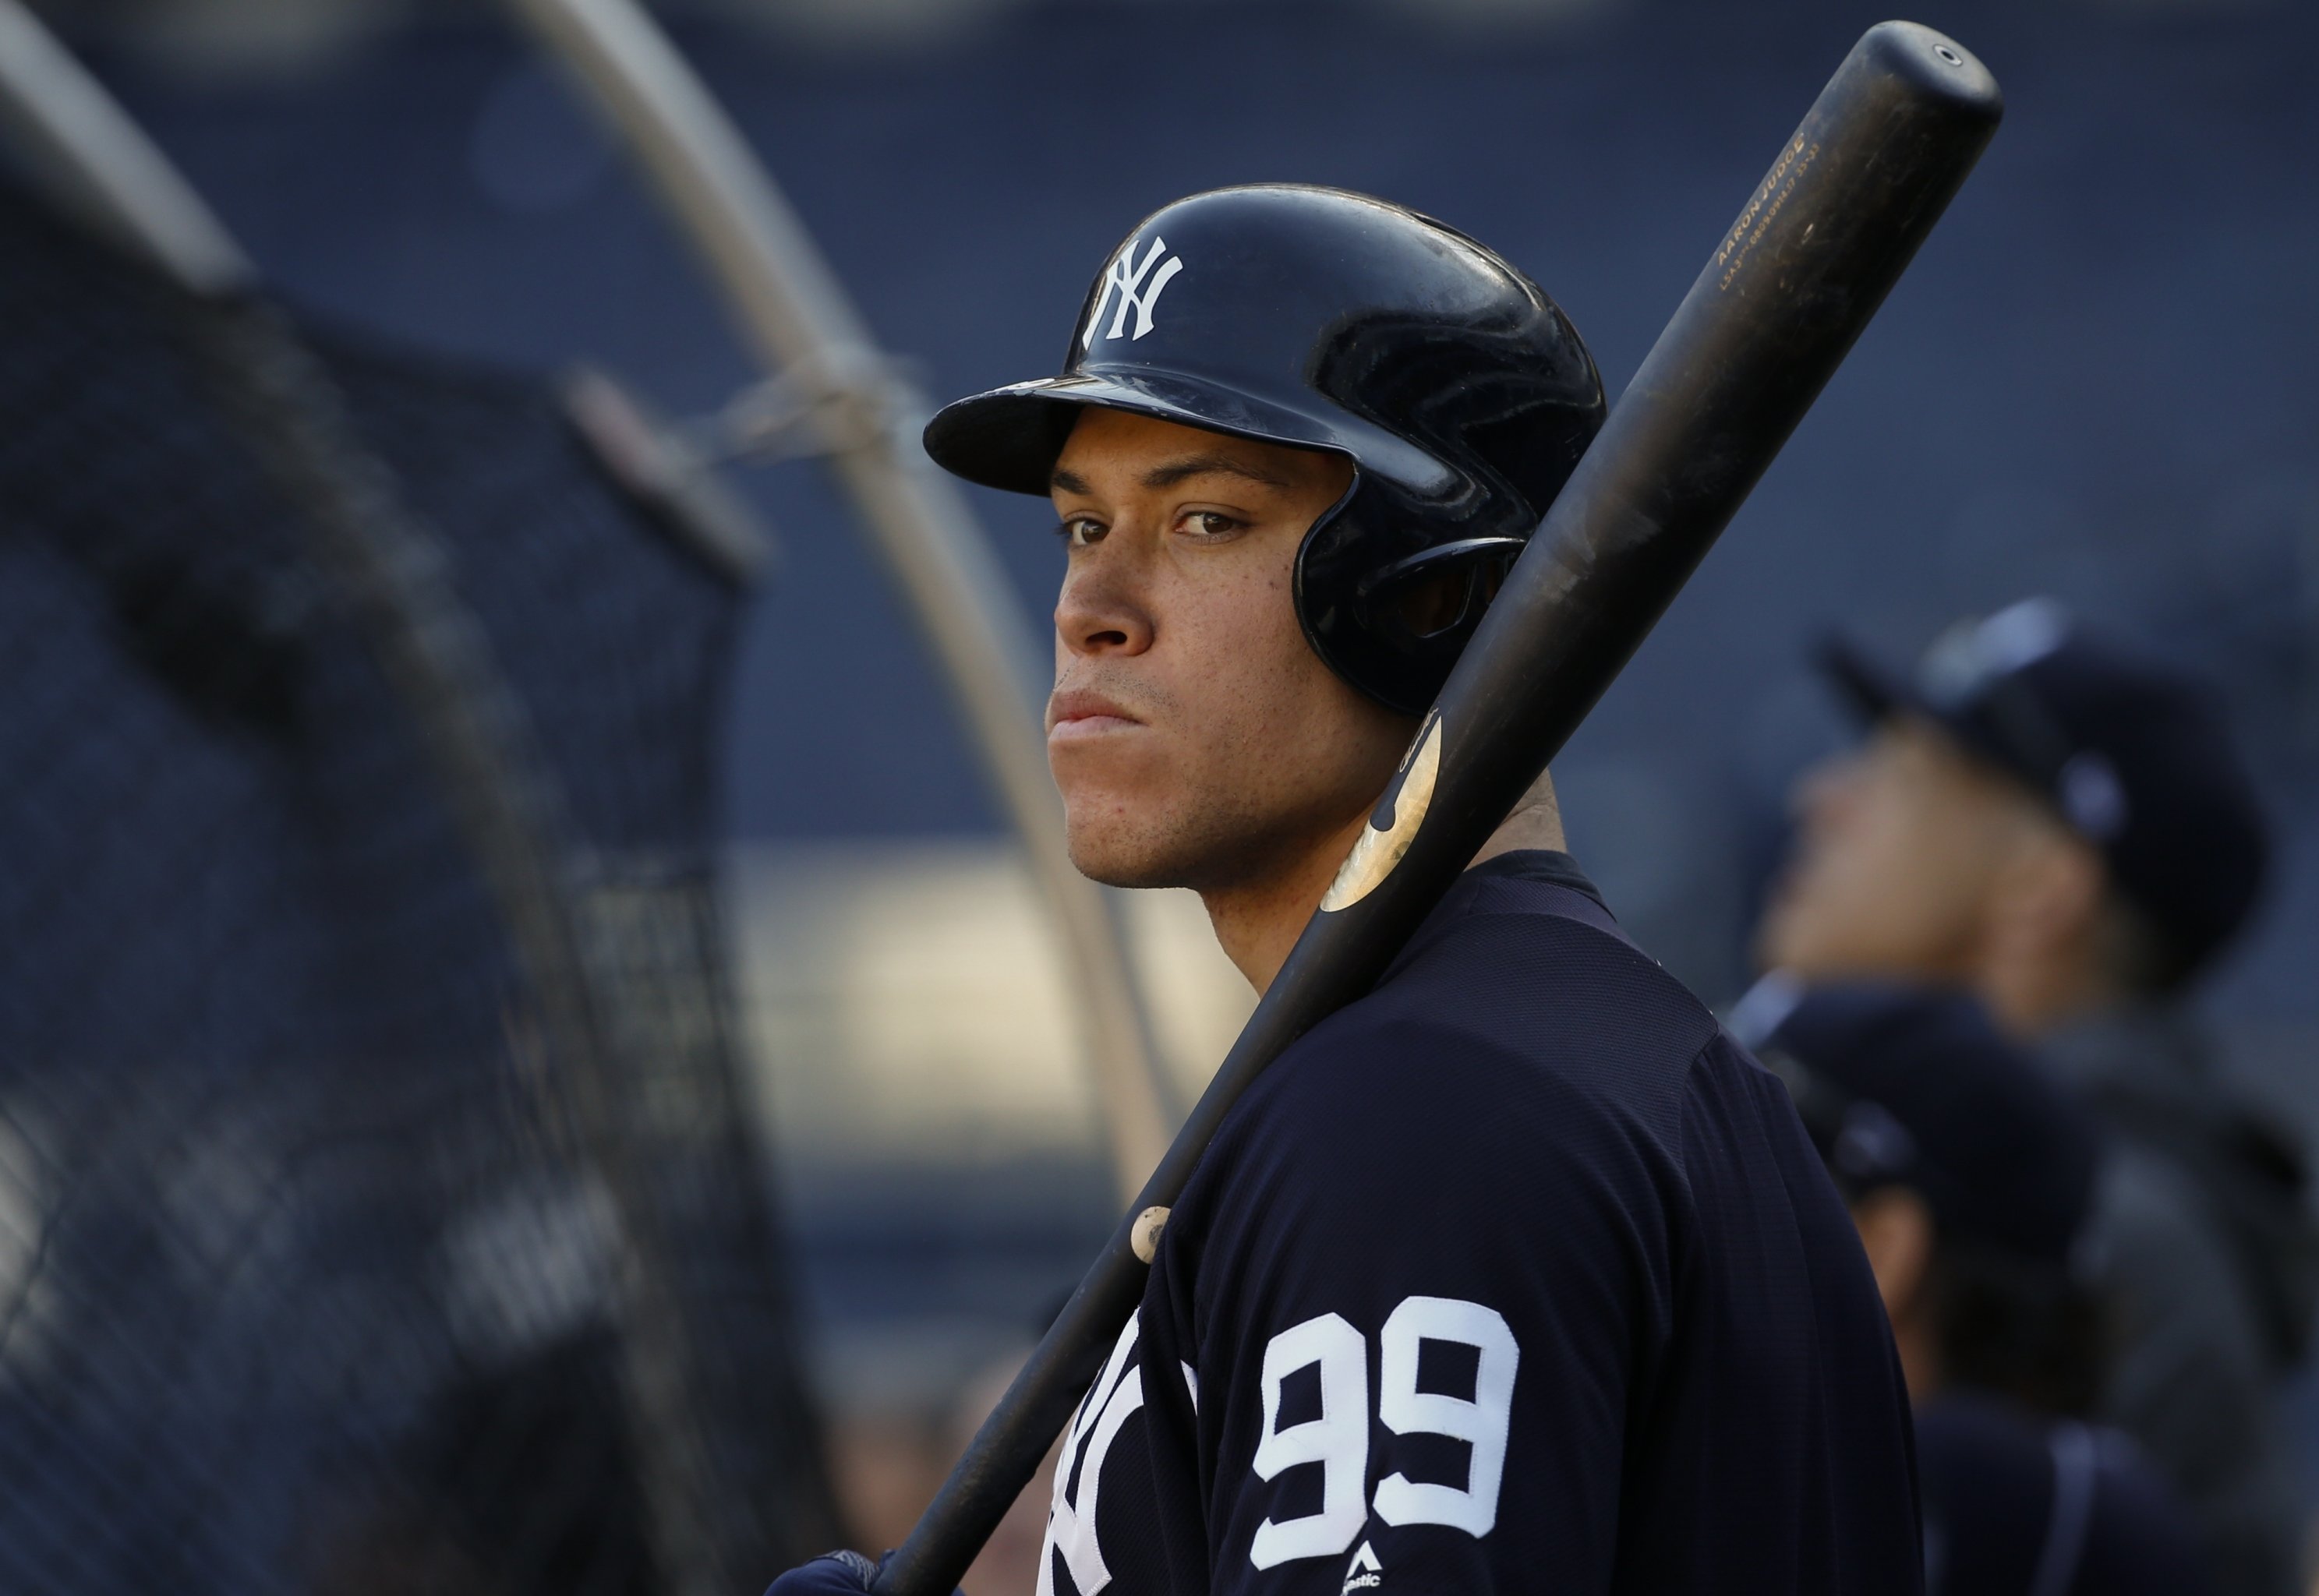 Aaron Judge switches equipment to Adidas from Under Armour
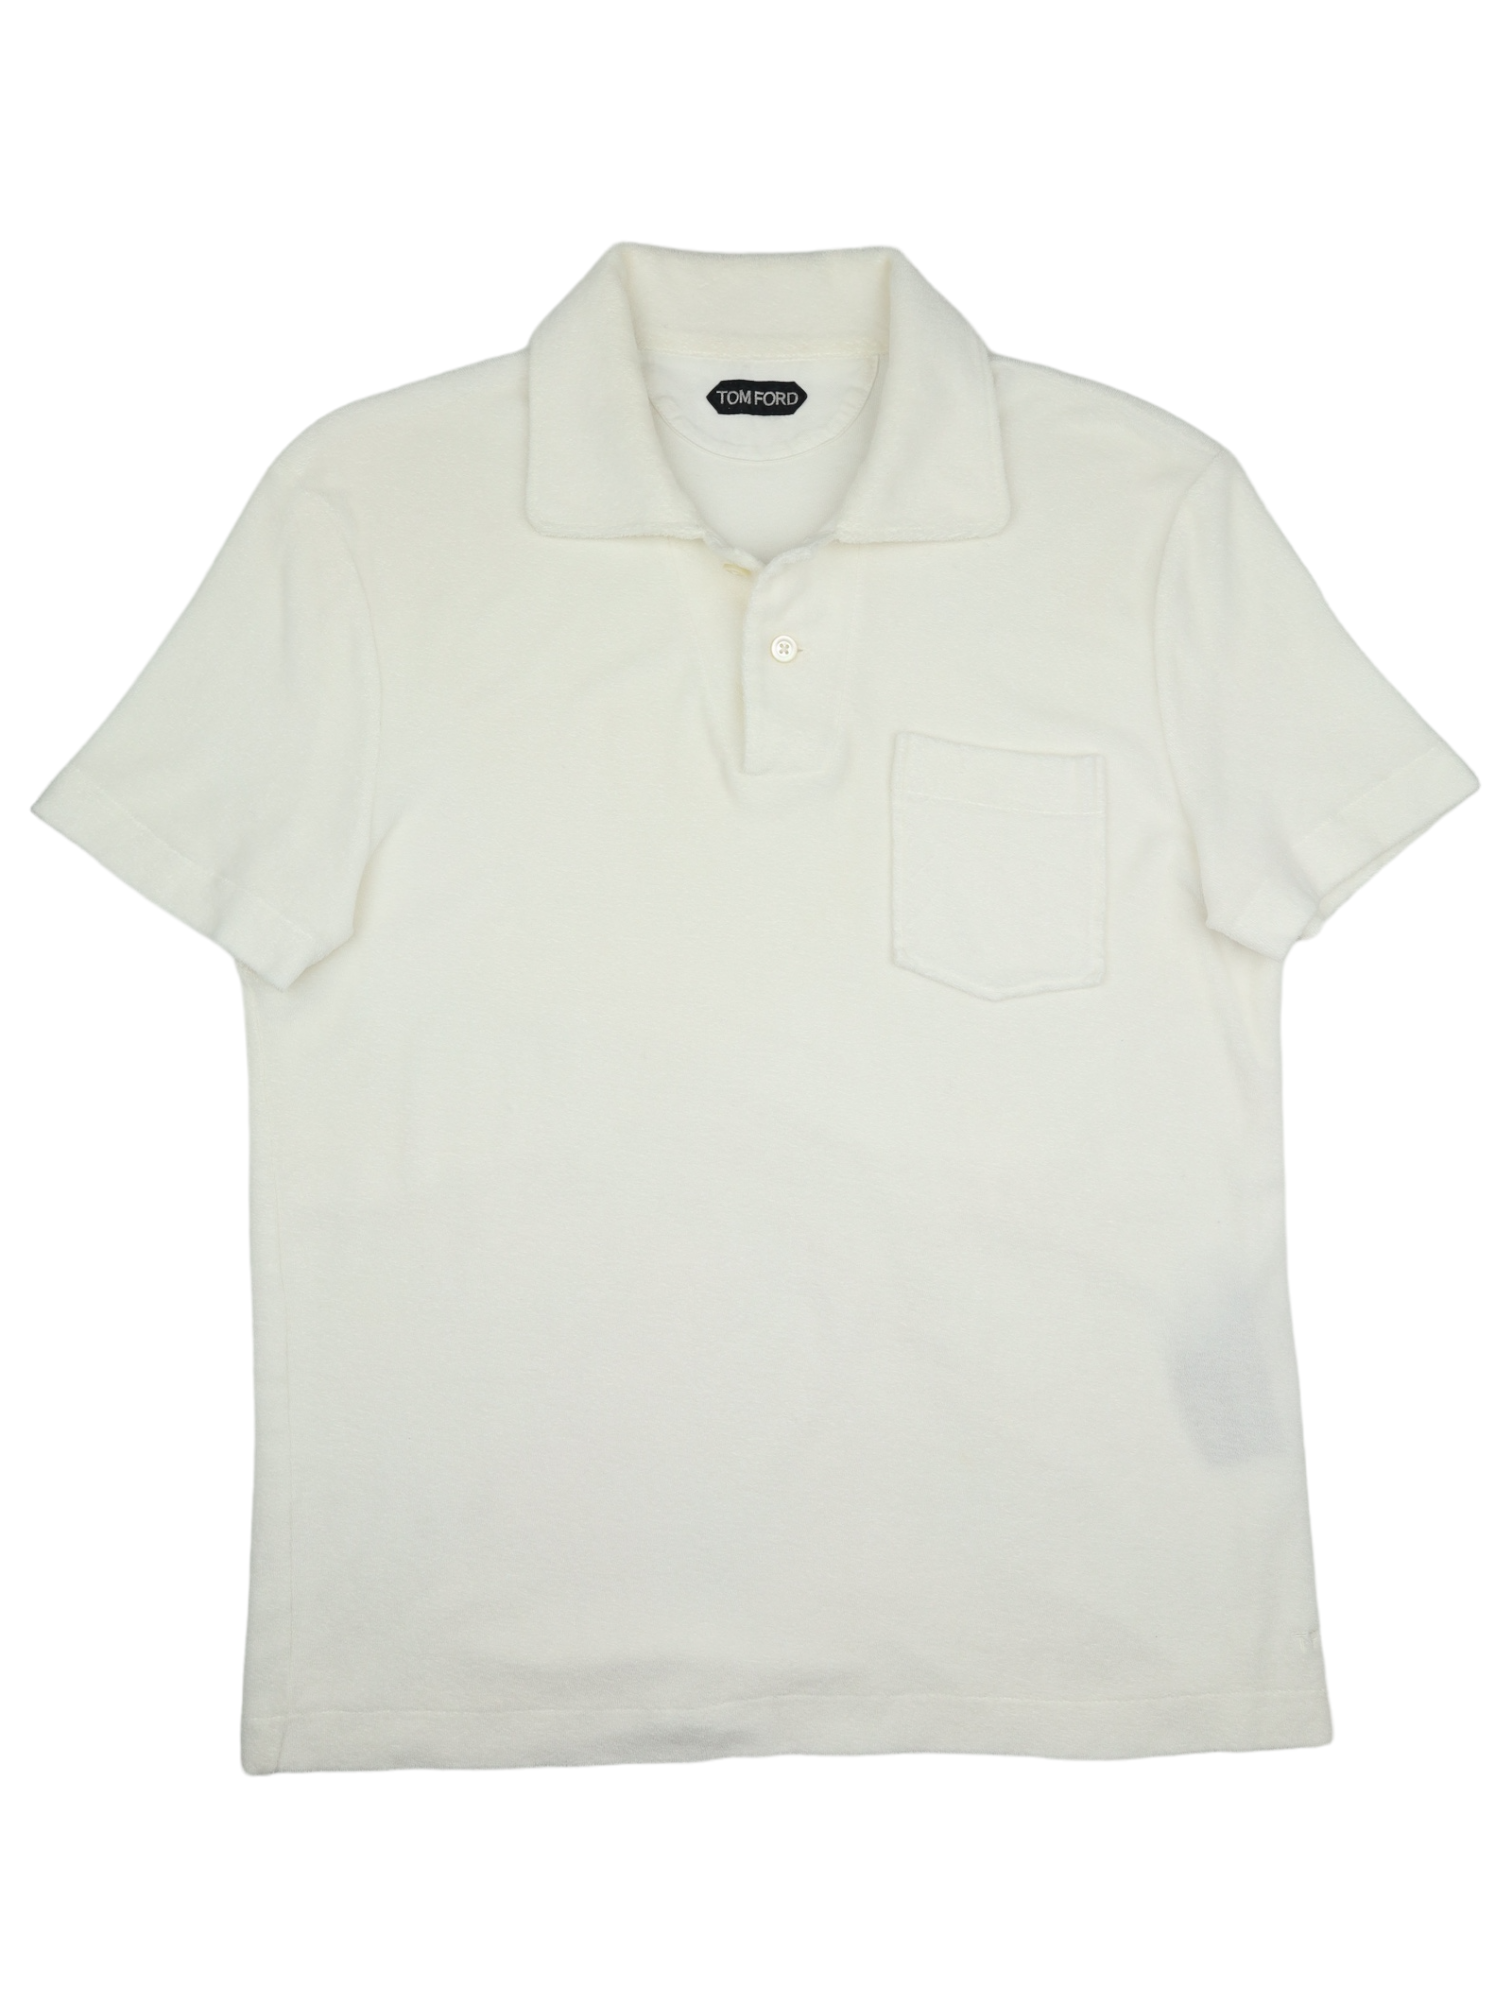 Tom Ford White Towelling Cotton Polo
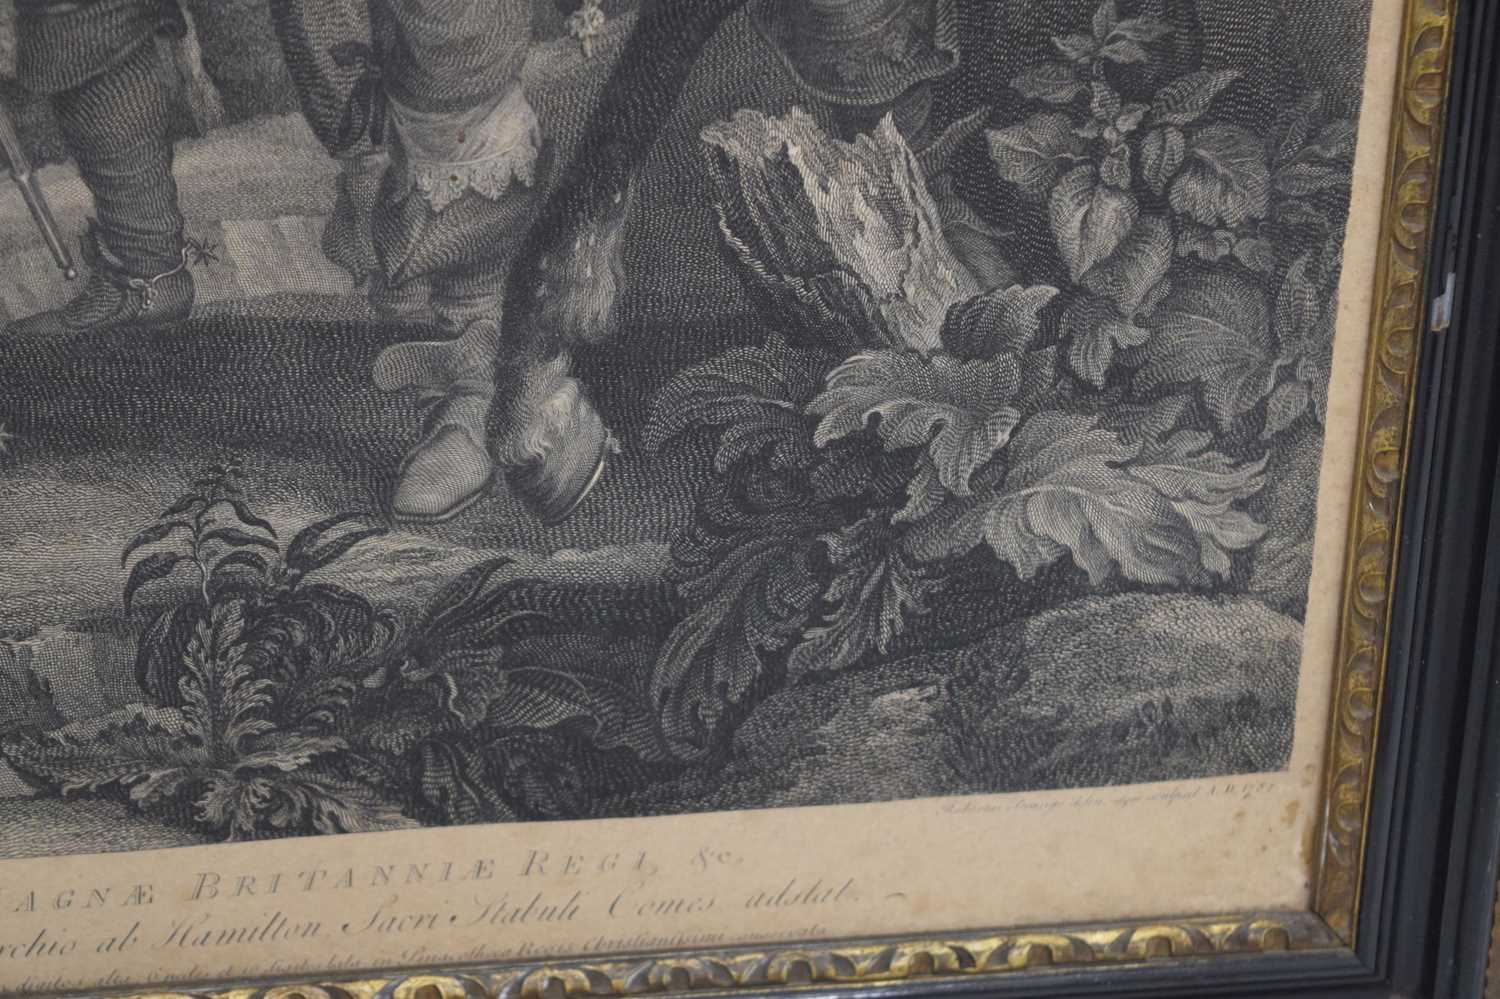 After Anthony van Dyck - Late 18th century engraving - Charles I - Image 3 of 10
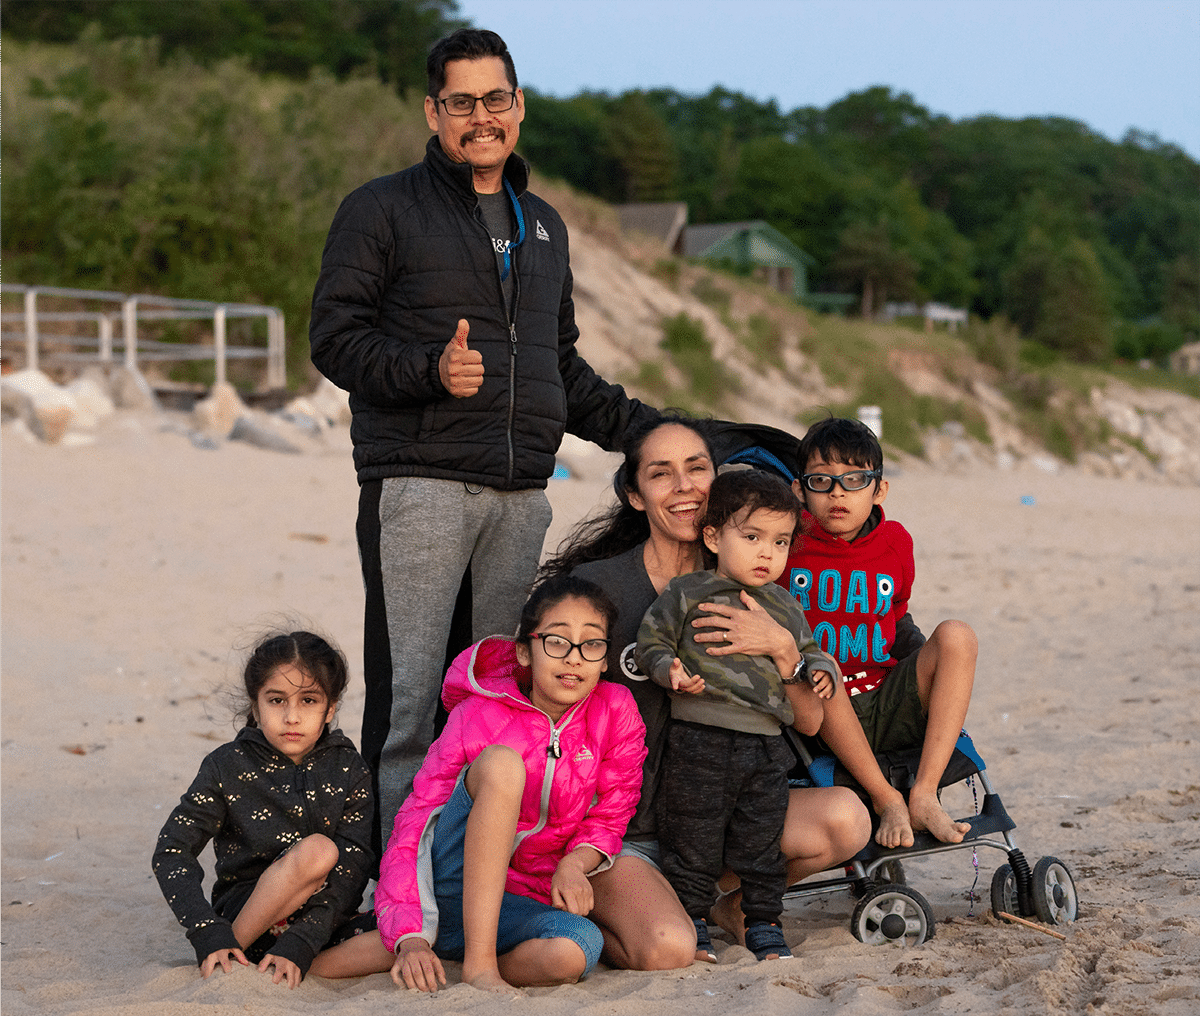 The Rojas family at the beach sitting on the sand, all smiling at the camera.

### Work instructions
All lines from the one containing "Tom Ford White Towelling Cotton Polo" to the last line of the data above, both included, should be printed exactly, and the pictures should not appear.

### Answer to the problem
 Tom Ford White Towelling Cotton Polo
 After Anthony van Dyck - Late 18th century engraving - Charles I - Image 3 of 10
 The Rojas family at the beach sitting on the sand, all smiling at the camera.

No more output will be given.